Было часа три ночи. Я уже задремал в кресле, когда вдруг услышал сигнал. Чёткий, ритмичный. Точки и тире — азбука Морзе.
Я сел прямо. Надел наушники, прибавил громкость. Сигнал шёл на особой чистоте — это старая международная аварийная частота, которую использовали до девяносто девятого года. Сейчас она не используется, перешли на цифровые системы. Но я мониторю её по привычке — на всякий случай.
Сигнал был слабый, с помехами, но различимый. Я взял карандаш и начал записывать. Точка-тире-точка-тире-точка-точка-точка-точка — международный сигнал бедствия. Потом пауза, потом продолжение.
Я расшифровывал на лету — азбуку Морзе знал наизусть, в армии учили, потом практика.
Сигнал передавал:
«SOS SOS борт СССР-4563. Отказ двигателя. Падаем. SOS».
Потом повторение. Снова и снова.
Я записал координаты, сверился с картой. Это где-то в горах, километрах к северу от Уэллена. Пустынное место — никаких посёлков.
Я схватил микрофон, вышел на общую частоту:
— Всем, всем, всем! Принят сигнал бедствия! Борт СССР-4563, координаты такие-то!
Тишина. Потом откликнулась станция из Лаврентия — в ста километрах южнее.
— Уэллен, это Лаврентия. Какой борт? Ты что, Максим, пьяной? У тебя глюк приёмника. Или ты устал? Там ничего нет.
Я не поверил. Проверил настройки — всё правильно. Сигнал идёт, я его слышу. Записал на дикторфон. Потом ещё раз расшифровал — всё то же самое. Борт СССР-4563. Координаты. Падаем.

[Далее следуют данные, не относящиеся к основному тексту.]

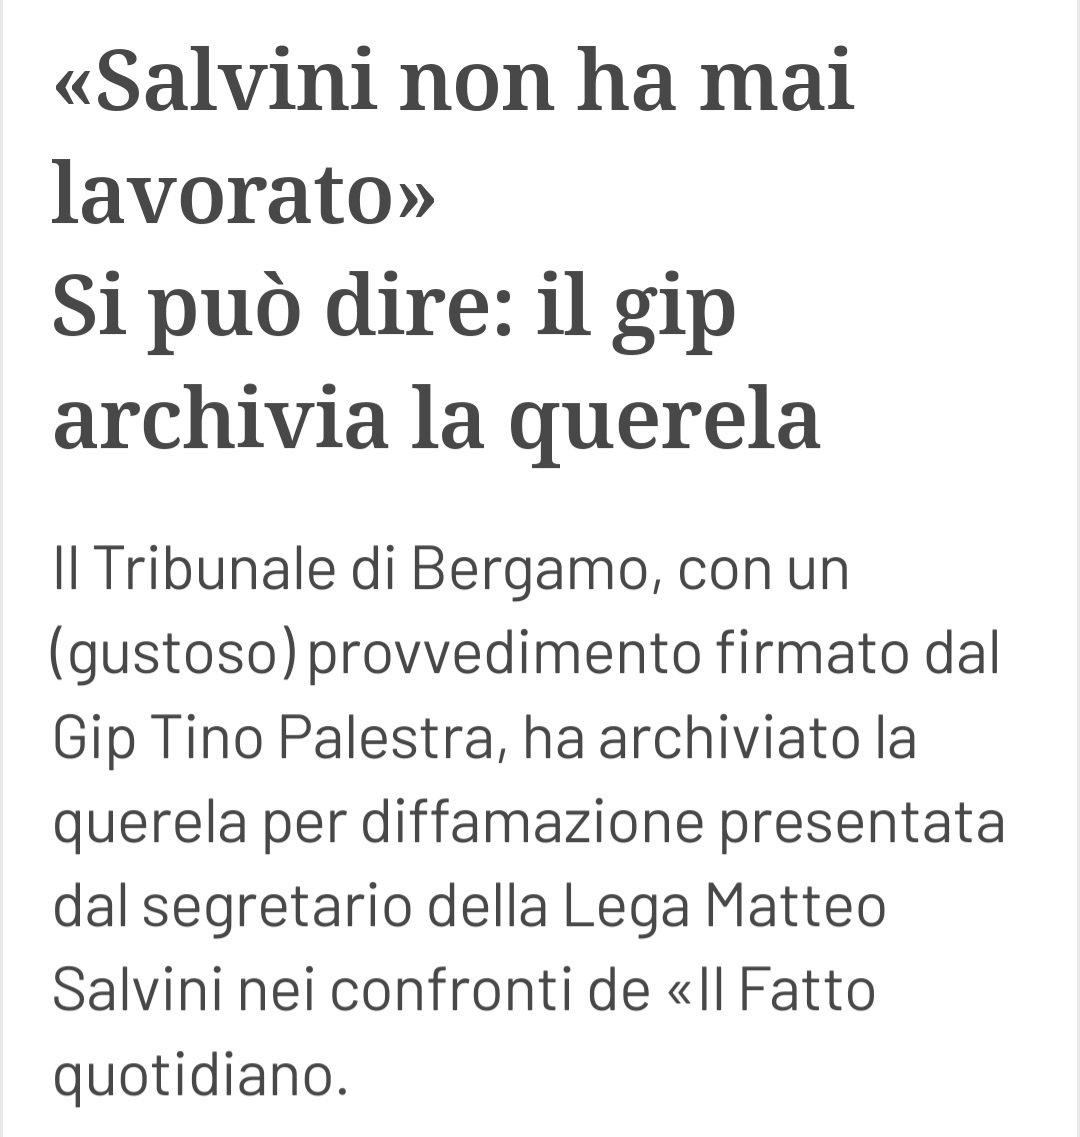 Nel giorno della festa dei lavoratori, desidero ricordare #Salvini, unico caso al mondo certificato da un provvedimento del Tribunale come fancazzista. 

#festadeilavoratori #FestadelLavoro #PrimoMaggio #1maggio

Я сидел, глядя на записи, и чувствовал холодок в груди. СССР? Этой страны нет уже тридцать три года. Кто мог передавать сигнал с советским бортовым номером?
Может, учения? Военные иногда проводят тренировки, имитируют аварии. Я вышел на военную частоту. Мне ответили:
— Уэллен, это подполковник Марков. Откуда у тебя этот номер? На этой частоте сейчас ничего нет.
— Как нет? Я принимаю сигнал!
— Это невозможно. Потому что борт СССР-4563 — это АН-2, упавший в семьдесят третьем году. Пятьдесят один год назад. Экипаж погиб. Самолёт не нашли.
У меня похолодело внутри.
— Как? Вы уверены?
— Абсолютно. Я сам участвовал в поисках — лейтенантом был. Самолёт вылетел из Лаврентия в Уэллен, попал в пургу. Связь оборвалась. Искали две недели — не нашли. Списали как катастрофу. Экипаж — два человека — объявлены погибшими.
Я молчал, глядя на записи.
— Но я слышу сигнал, — сказал я. — Сейчас он передаёт координаты.
— Какие координаты?
Я продиктовал. Марков что-то записывал, потом сказал:
— Эти координаты — в горах Чукотского нагорья. Там действительно искали. Но ничего не нашли. Пурга была, видимость нулевая. Вертолёт не мог летать. Потом закрыли.
— Может, стоит проверить? Вдруг самолёт там?
— Максим, прошло пятьдесят лет. Даже если он там, от него ничего не осталось. И главное — кто передаёт сигнал? Радист умер полвека назад.
— Не знаю, — сказал я. — Но сигнал идёт.
Марков задумался.
— Хорошо. Я подниму вертолёт. Завтра, если погода позволит, проверим эти координаты. Но это странно, Максим. Очень странно.
Я положил микрофон. Сидел, слушая сигнал. Он продолжался — монотонный, повторяющийся. Всю ночь. До самого утра.
В шесть часов он резко оборвался. Просто замолчал. Я покрутил ручку, проверил настройки — тишина. Сигнала больше не было.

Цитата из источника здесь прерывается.